Lauren: You're very welcome, my dear. I feel that all too often, we don't realize the hidden pain and suffering many of these traffic lights have had in their private lives and we therefore have little to no empathy for their plight. Perhaps we can begin collecting for weekly group therapy. Oh, wait. We'd have to go to them. Forget it.

Slamdunk: Aw...but it makes me so HAPPY when you laugh! These kids can sleep through anything anyway...right? "They" say it's important to not tippy-toe around when they're sleeping anyway...

Dorn: Then you feel my pain. It really does feel like they're out to get you, right?? It feels...deliberate...and that makes me crazy!

kathryn said...

Vince: Wow. She is very, very orange. I'm betting she'll never buy that particular brand of indoor tan spray ever again!

dailyseeking: Well, maybe that was my intention all along! Why should I suffer alone? You know how I just looove the company!

brite: Well, I try to bring my toes right up to the line of weird...but not technically cross over. It's a fine line, though!

kathryn said...

Spot: Medication? Dammit! I knew I forgot something for the last few weeks! So that explains why I saw those faces in the lights? Do YOU see faces in the lights, Spot??

Tinkerschnitzel: Well, I wouldn't want your mom and brother to be homeless....so, they can live in the shed in the back. Sure, I'll move in! I think it's a law that I have to notify the fire dept of my change of address, though...

KellyGrrl: Thank you, sweetie. I'm glad you enjoyed the insanity!

kathryn said...

Kristy: I'd just like to know who thinks up the timing on these stupid things. I'm sorry...but there's no rhyme or reason to THIS one. I'm beginning to believe that maybe Jerry is behind this. He and I must have a tawk.

HulaBuns: Oh, thank you SO MUCH for noticing all the little details! Honestly, those photos took me all freakin' day to do! It's nice that my hard work is truly appreciated, sweetie!

Runnergirl said...

There are a lot of times where your train of thought completely mystifies me - but it's always pure GOLD!!!

Have you ever thought about writing children's books?!

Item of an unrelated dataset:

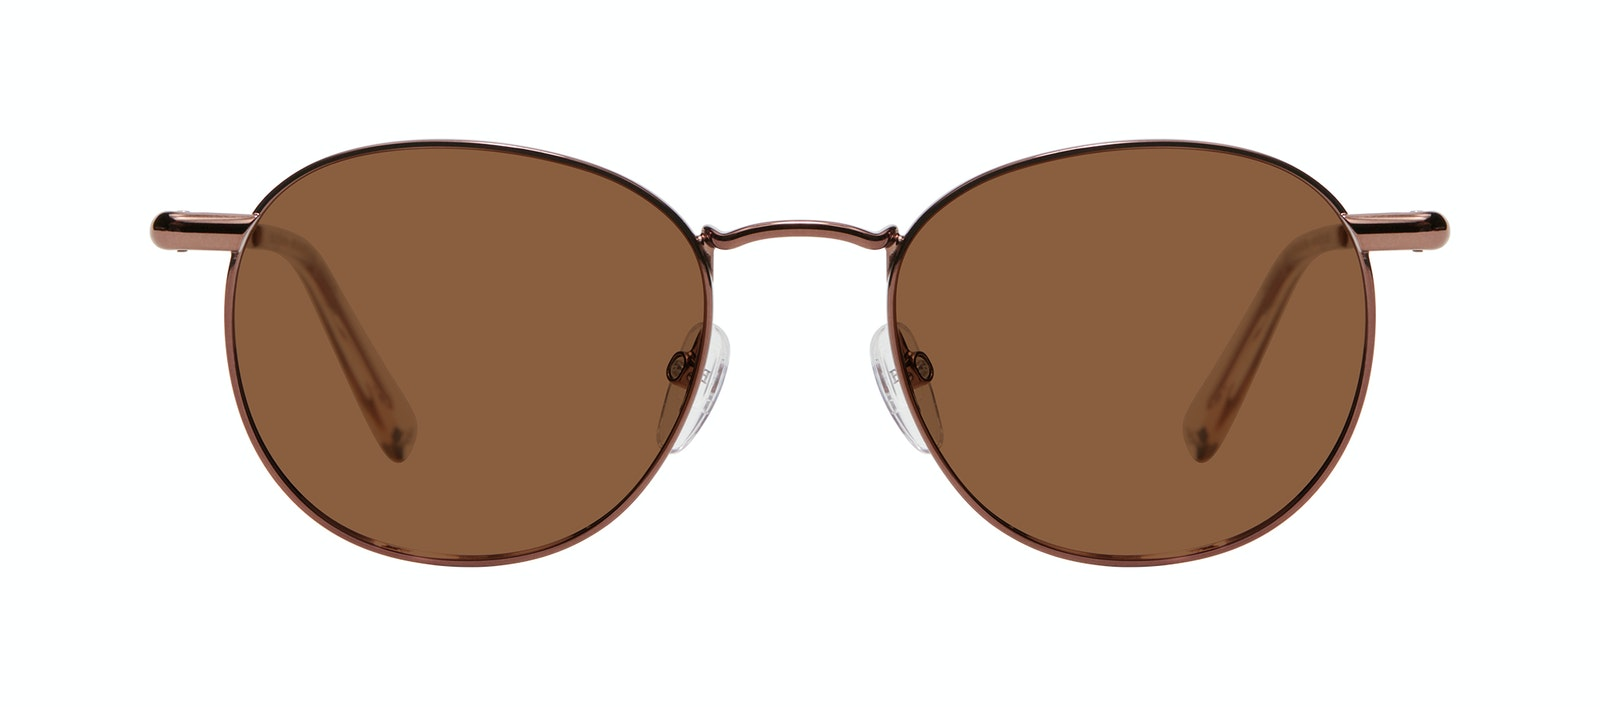 Affordable Fashion Glasses Round Sunglasses Men Women Divine L Copper Front

Thanks for pulling me a little bit out of post holiday blues!

Áine said...

Another completely plausible scenario from Kathrynville :) Thanks for sharing :)

Jen said...

Only in your little pocket of reality do these strange things happen. I like the comment about you writing children's books. I think that might be your calling.

Adele said...

Luckily, I've never had this kinda situation, because, well, i'm not old enough to drive. Oh and I live on an island with absolutely NO traffic lights. Excactly. 1 island, 10 000 people, 0 TRAFFIC LIGHTS. But believe me, just ONE LITTLE reason for living in New York rather than here is that your imagination gets waaayy more work...and that means happy readers. You're a genius :)

Alicia said...

Loved this post. I was going to reply in email but then I realized it I did my response to your genius wouldn't be preserved forever like it will be now...here...in this moment, in this time, in blogger.